*ACTIVITY*. Where the records below show the word "Black" in a line, please copy that line.
*** DATA TO PROCESS ***
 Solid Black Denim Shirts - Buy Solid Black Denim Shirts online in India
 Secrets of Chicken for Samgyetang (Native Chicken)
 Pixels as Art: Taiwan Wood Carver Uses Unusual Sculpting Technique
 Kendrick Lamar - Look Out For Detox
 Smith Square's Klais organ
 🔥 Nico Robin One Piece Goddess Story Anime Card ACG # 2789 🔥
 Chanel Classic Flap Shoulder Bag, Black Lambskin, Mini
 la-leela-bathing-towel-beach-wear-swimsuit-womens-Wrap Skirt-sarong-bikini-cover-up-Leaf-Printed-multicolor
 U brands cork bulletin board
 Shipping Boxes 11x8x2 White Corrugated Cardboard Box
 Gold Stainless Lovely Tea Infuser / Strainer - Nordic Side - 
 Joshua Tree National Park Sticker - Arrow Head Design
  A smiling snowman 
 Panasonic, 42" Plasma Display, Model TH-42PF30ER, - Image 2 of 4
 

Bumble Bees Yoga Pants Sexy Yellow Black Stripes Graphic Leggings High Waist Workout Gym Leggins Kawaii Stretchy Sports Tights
*** End of DATA TO PROCESS ***
*SOLUTION TO THIS TASK*.
 Solid Black Denim Shirts - Buy Solid Black Denim Shirts online in India
 Chanel Classic Flap Shoulder Bag, Black Lambskin, Mini
Bumble Bees Yoga Pants Sexy Yellow Black Stripes Graphic Leggings High Waist Workout Gym Leggins Kawaii Stretchy Sports Tights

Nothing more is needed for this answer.